Before the tasting started, we were given a brief introduction on the different alcohols made in Korea. Apparently the word 'sul', which means alcohol in Korean, is the combination of water 'su' and fire 'bul', so when you said it really quick, it becomes 'sul'. Why water? Why fire? According to the specialist during the talk, their ancestors could only see the bubbly effect when the water is boiled. However, when they mixed water, rice and yeast together, they witnessed the same bubbly effect and believed that there was fire in the water.
There are a few traditional alcohols in Korea, such as:
makgeolli - the 'youngest' or the 'freshest' alcohol as it is formed when it is just brewed, meaning that the time taken to ferment the alcohol is very short, which is why it needs to be kept in the refrigerator.
yakju - remains of makgeolli (meaning after many times of filtration), which made it purer than makgeolli. Sometimes, it is made of medicinal herbs.

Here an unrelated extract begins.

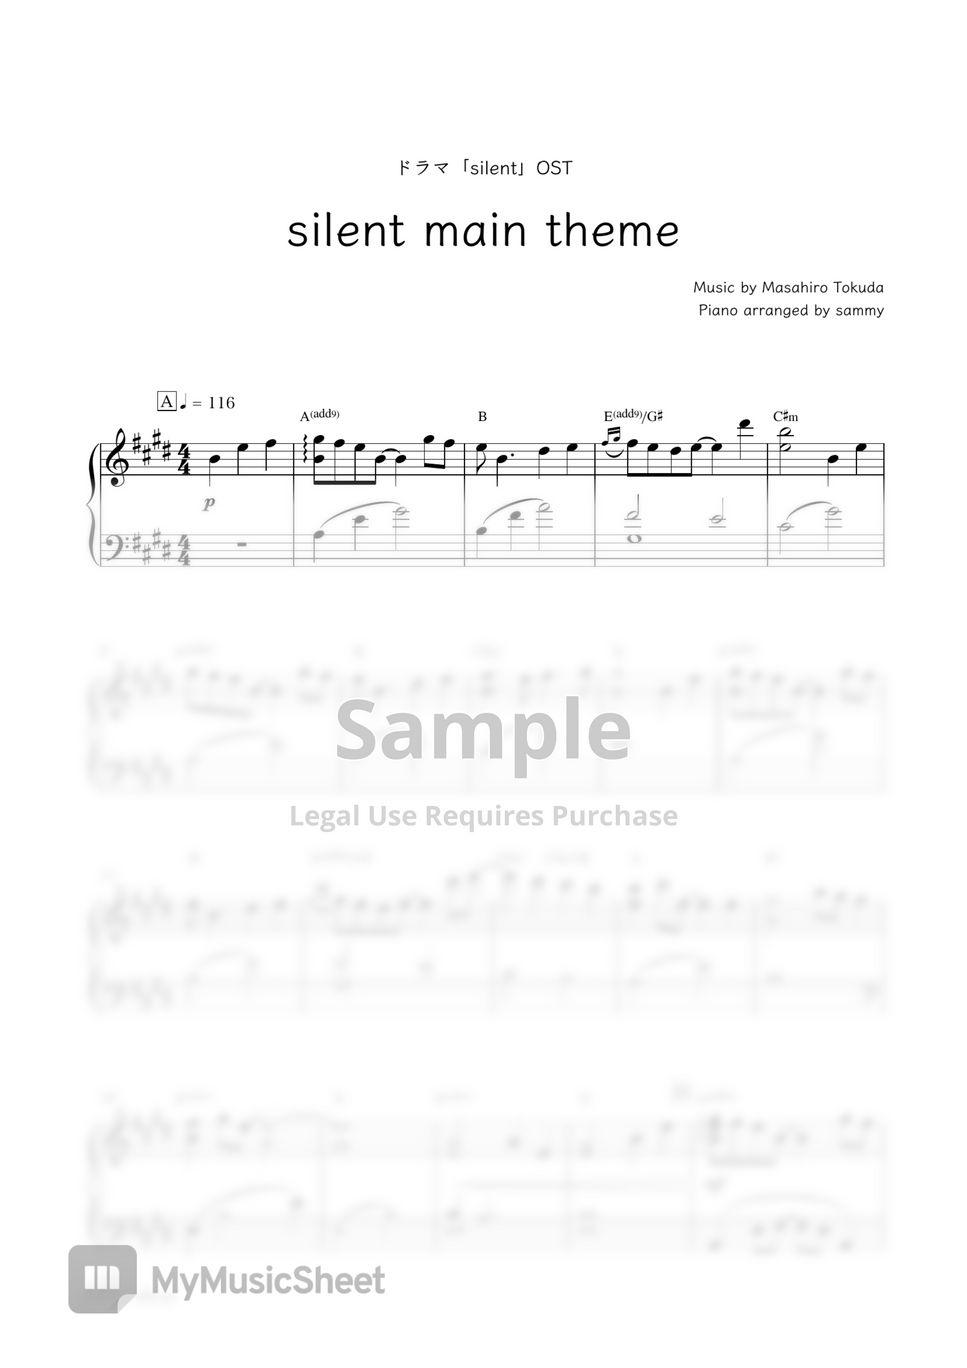 日剧《静雪 (silent) 》OST - silent main theme by sammy
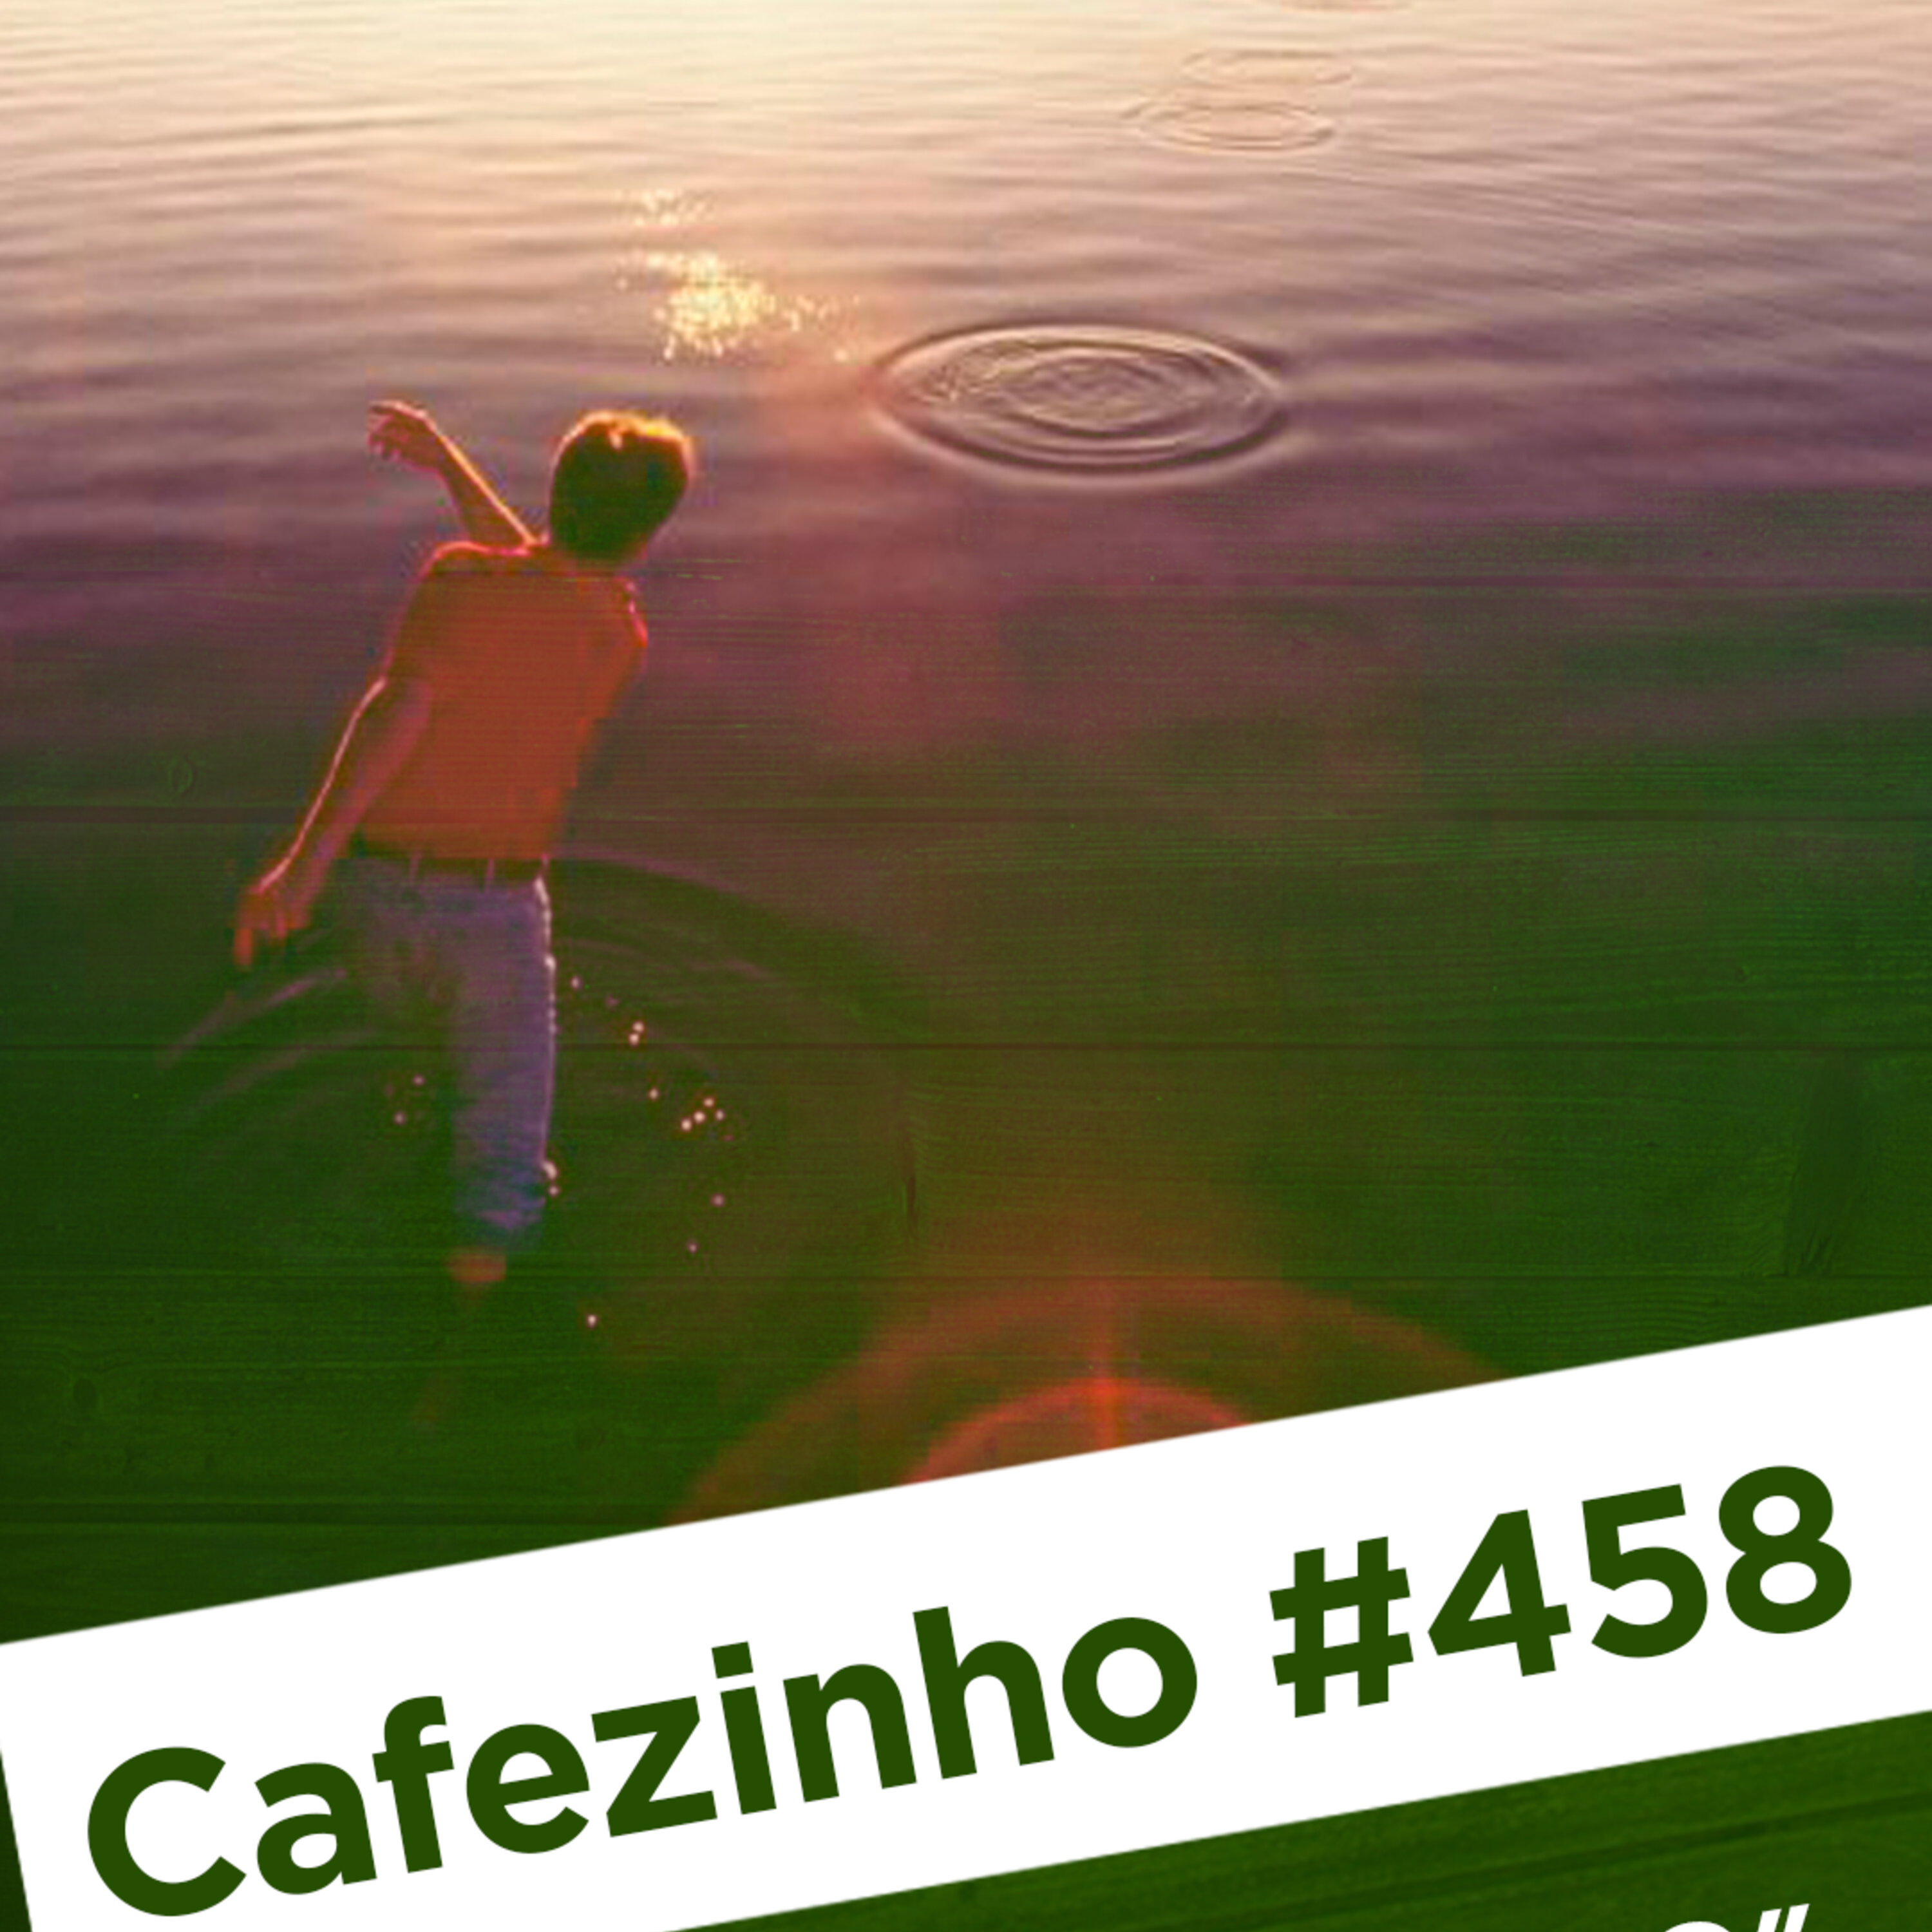 Cafezinho 458 - Pedrinha no lago

soju - unlike the ones we can get in the store, the percentage of alcohol in those stores is way lesser as it has been diluted many times. In actual, the percentage is much much higher and it is distilled using a special pot.
Fruit wines - made up of different kinds of fruits such as apple, raspberry, omicha,...
So, after a short lesson, we were given the time to taste the different types of traditional alcohol. The professional of this industry also took an effort to mix some of their traditional wines for us to taste it. If I'm not mistaken, she mixed traditional soju, coffee and sugar. In this gallery, they have different themes of alcohol every month, which makes it an attraction as you can try different kinds of alcohol every month. Of course, some of my friends took this opportunity to buy some makgeolli as it costs like 3000 won per bottle, which is really cheap.
At the end of this visit, my face turned really red, even though I'm not drunk, which made me really embarrassed. Luckily, I'm not the only one.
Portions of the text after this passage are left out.